Он мог бы найти свою нишу в стене, возведенной государственным и подпираемой общественным строем, мог проложить свою дорожку в литературе — в обход, наискосок, по касательной к той, что внутренне сознавалась как прямая и предначертанная. Но искать ее не стал, потому что больше всего на свете дорожил свободой думать без поправок и ограничений со стороны. Вероятно, этот выбор и дал ему позднее право в статье о подцензурном романе Юрия Трифонова “Старик” прийти к заключению, что у писателя, находившегося “на вершине славы и успеха, ни жизненной, ни тем более творческой необходимости писать и публиковать такой роман не было”. Статья называлась “Писатель, расконвоированный в историки”.

Через несколько лет писательской карьеры Ефимова, поначалу умеренно благополучной, встало вровень с чисто литературным творчество литературно-философское.
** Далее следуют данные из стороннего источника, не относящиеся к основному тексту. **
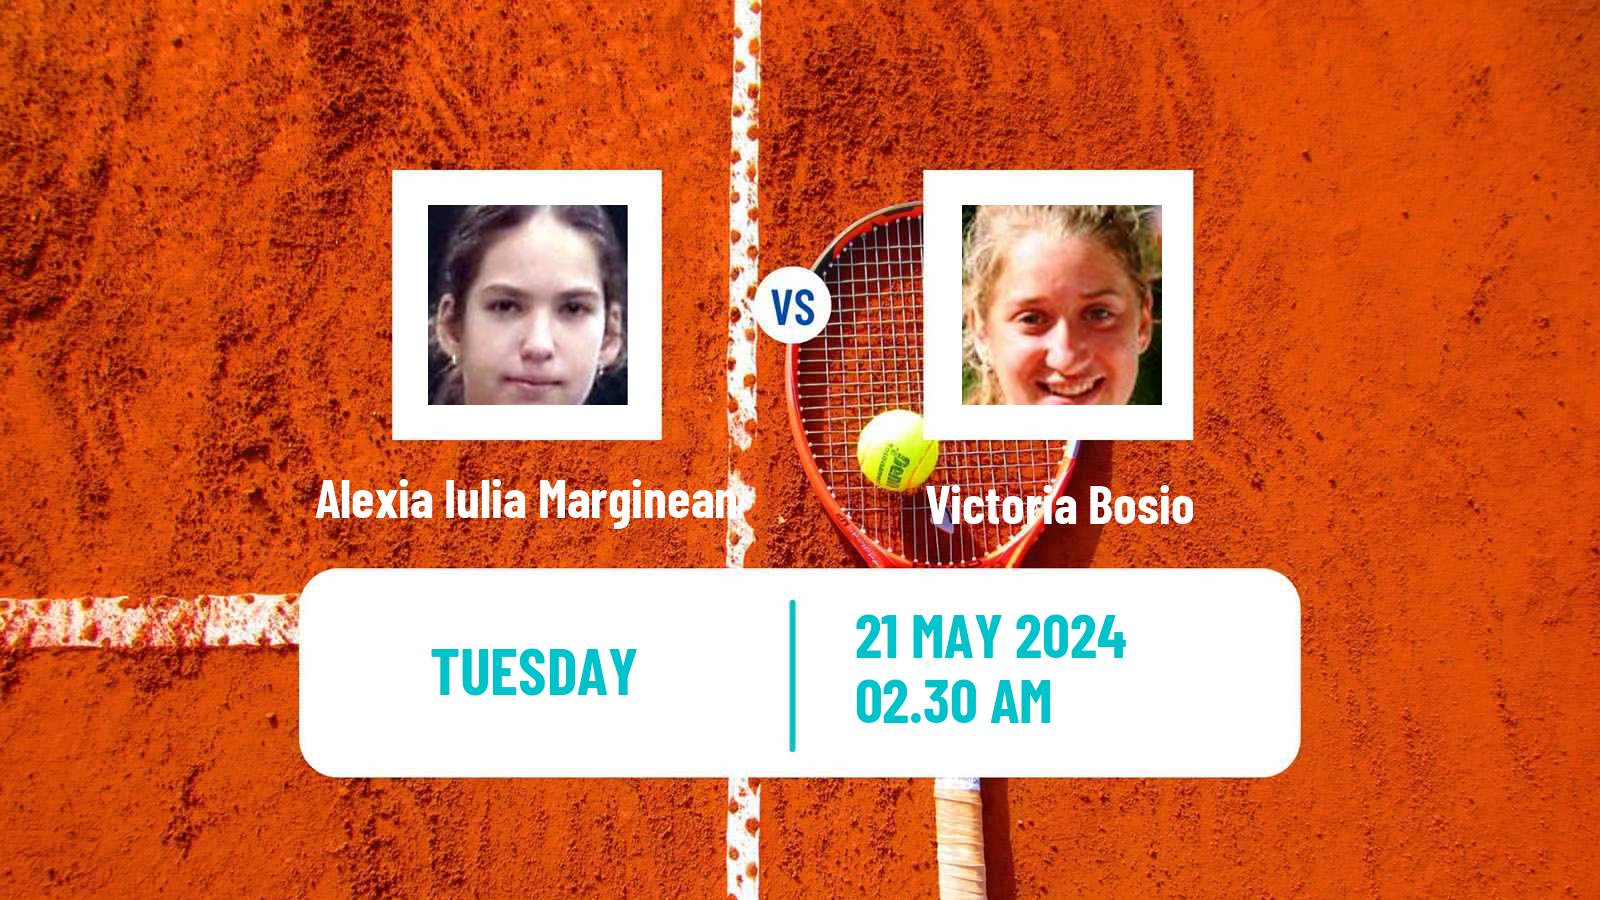 Tennis ITF W15 Bucharest 2 Women Alexia Iulia Marginean - Victoria Bosio

Как он признавался позже, уже “годам к тридцати мне опротивела игра на наивности в литературе — сразу и вдруг”. Он пишет две бескомпромиссные энергичные книги, “Метаполитику” и “Практическую метафизику”. Его любимые Шопенгауэр и Кьеркегор, каждый по отдельности, согласились бы дать автору убедительные рекомендации в гильдию философов. В нормальной европейской стране, в какой-нибудь Швейцарии или Германии, после таких книг предлагают университетскую кафедру, учреждают факультативные курсы в других университетах. Но, как сказал в то время неглупый партийный функционер, “мы, слава Богу, не в Европе”.

Рукописи были тайно переправлены за границу, там изданы под псевдонимом, автор автоматически произведен в политические диссиденты. Оставалось получить семь лет лагерей и пять последующей ссылки, результатом чего, опять-таки, стало бы предложение все той же кафедры — на этот раз как известному борцу с тоталитарной системой и мученику. В КГБ уже вызывали, уже угрожали, знакомых уже на предмет компромата допрашивали. Однако и подчиняться навязываемой схеме не хотелось, и садиться, честно говоря. В 1978 году Ефимов эмигрировал в Америку.

 

* * *

Эмиграция в сорок лет — всегда катастрофа. Не такая, разумеется, как концлагерь, но катастрофа, и об этом написано — с гораздо большими, чем наши, основаниями и глубиной — множество книг, эссе, стихов. Мы отметим лишь две, с нашей точки зрения, главные воздушные ямы: самую первую, а потом самую глубокую. Как ни готовься к эмиграции, ты знаешь только одну половину шага, только то, от чего твоя нога отталкивается: ночь, пятно разложенной на столе людоедской газеты, кромсающий ее нож. Вторая половина завершается тем, на что нога, опускаясь, ставится, и это место ты, во-первых, совершенно не знаешь, а во-вторых, узнавая, никогда не будешь знать до конца, оно всегда будет тебе лишь казаться . Сплошь и рядом, выдернув ногу из вязкой глины, ты опускаешь ее на зыбучий песок. С этого все начинается, шок от такого начала — сильнейший и по мере изживания острой стадии переходит в хроническую.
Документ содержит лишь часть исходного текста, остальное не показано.